Je me vois lui faire
plein de trucs comme ôter mes chaussures pour lui marteler le crâne, ou lui
lancer des pierres, mais je garde ma fierté. C’est tout ce qui me reste. Doucement,
malgré le cœur brisé, je retourne à mon véhicule.
— Les plans de St
Valentin duraient hein, commente ma tante sur un ton appréciatif.
— Est-ce que le
mariage c’est une fin en soi ma tante ?
— Hein ?
— Ne me parle plus
de la St Valentin. Je n’ai pas trouvé de roi digne de la reine que je suis.
— Tout ça, c’est
toujours la fête des amoureux ? elle
répète comme si je ne venais pas de le lui interdire.
Pourquoi s’époumoner à
lui expliquer de toute façon ? Je m’occupe
de ma couronne. C’est ce que je me répète à la maison, bien que durant ma
douche, je pleure toutes les larmes de mon corps. Dieu merci, ma tante me donne
mon espace pour aujourd’hui.
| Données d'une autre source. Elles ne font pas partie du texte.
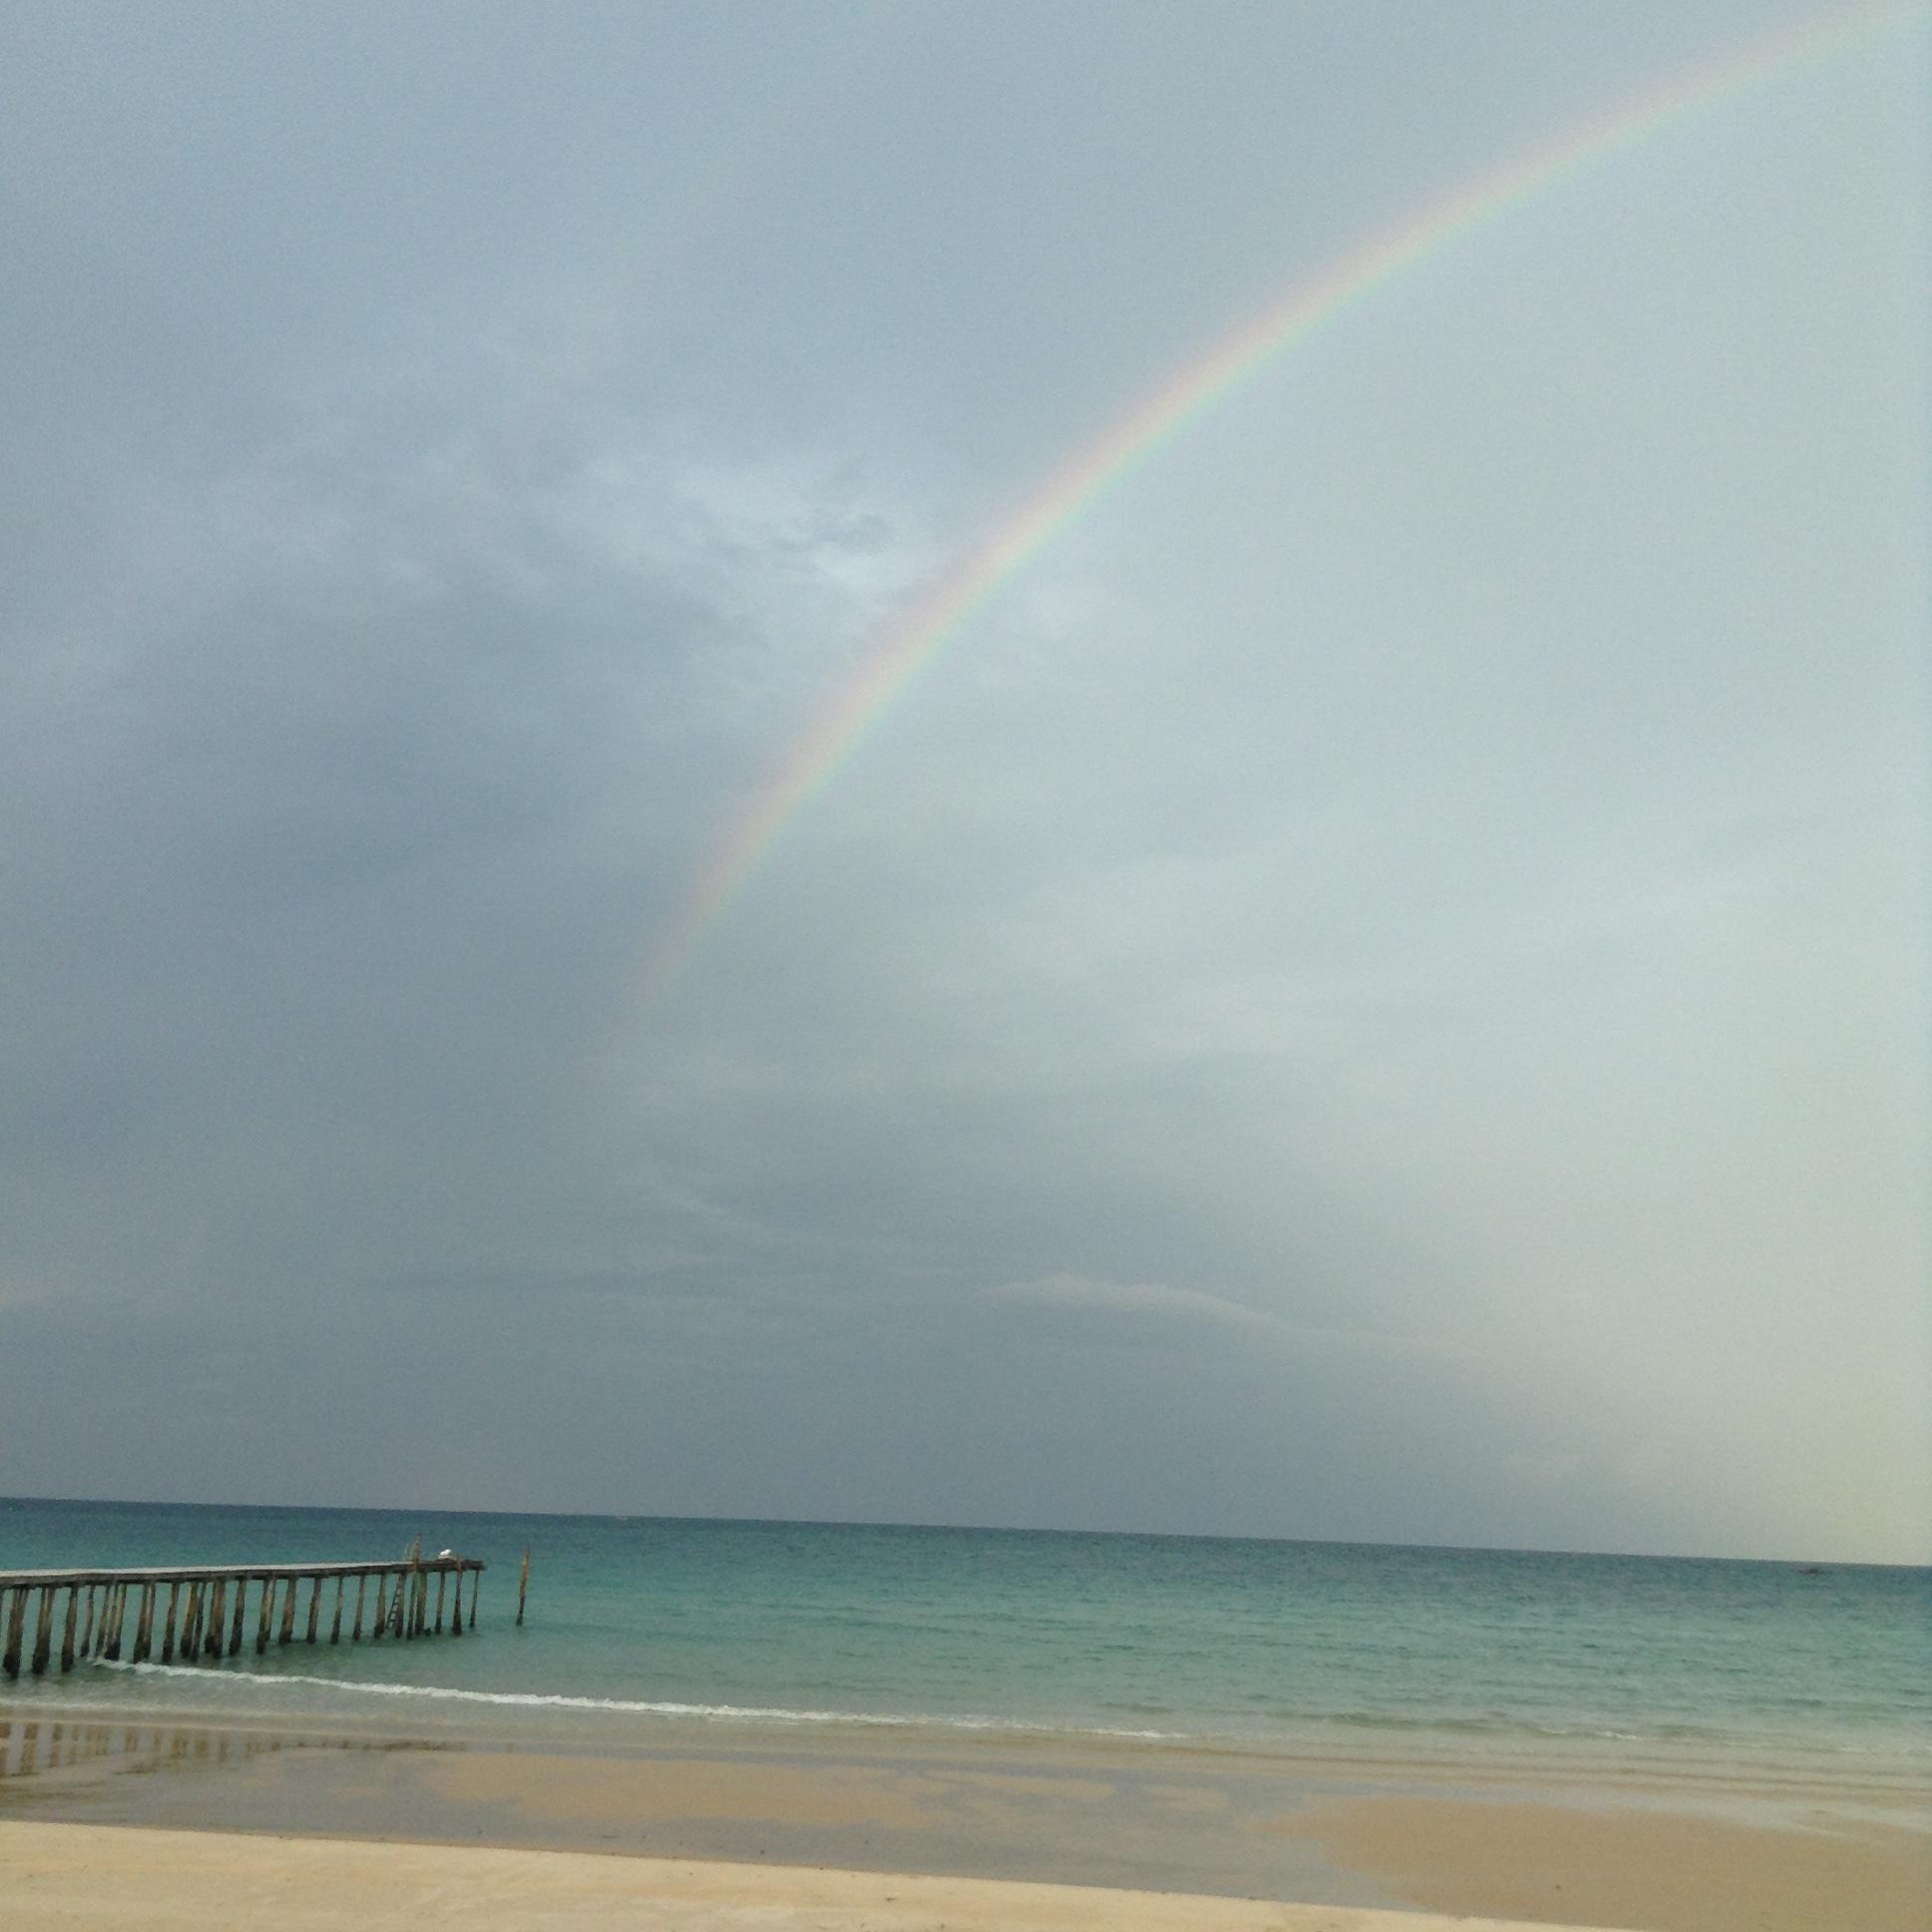 Dockside Rainbow in Koh Rong Samloem, Cambodia

Romelio m’a vraiment brisé. Et le plus drôle c’est
qu’il est fier de lui. Qui est fier de faire du mal à quelqu’un qu’il a aimé ? Ce que je sais en tout cas, c’est qu’il ne se
débarrassera pas de moi. Je ne serais peut-être plus sa femme, mais on verra si
c’est facile d’entamer une relation avec une autre quand ton ex est bien
présente dans ta vie. Je suis après tout l’amie d’Oyena. Et je sais qu’il n’aimera
personne comme moi. Je serais tellement présente qu’il ne pourra pas m’oublier,
mais jamais je ne lui redonnerai de chance. Pas après ce par quoi je suis
passée avec lui. Je suis belle, les hommes pullulent à Lomé même si je sais que
je n’aimerais aucun comme Romelio. Le vrai amour, celui qu’on a partagé ne se
rencontre qu’une fois. Que ça lui plaise ou non, j’ai été la seule capable de
lui faire ressentir autant d’amour au point qu’il brave tout. Je resterai son
unique amour ! On va voir s’il pourra
jouer la mascarade avec sa vieille bique quand ma présence lui rappellera l’authenticité
qu’on a connu.
Message du numéro un du
FMM : Fighto notre queen and more! J’ai déjà nettoyé ta couronne avec l’huile.
P.S : Pour ceux
qui seraient perdus, Poppy c’est la fille de Hamza Wanke, un des fils de Raïssa
donc frère aîné de Hadeya. Sa mère c’est Ortencia, la sœur aînée d’Oyena et
belle-sœur de Deborah. Ainsi s’achève le mariage de Jennifer et Romelio. On
passe de mariée à amie, ça ne fait rien. Poutine est passé de président à Premier
ministre dans ce pays. Glissez et tombez pour celles qui danseront. C’était
quand même le seul mariage intéressant.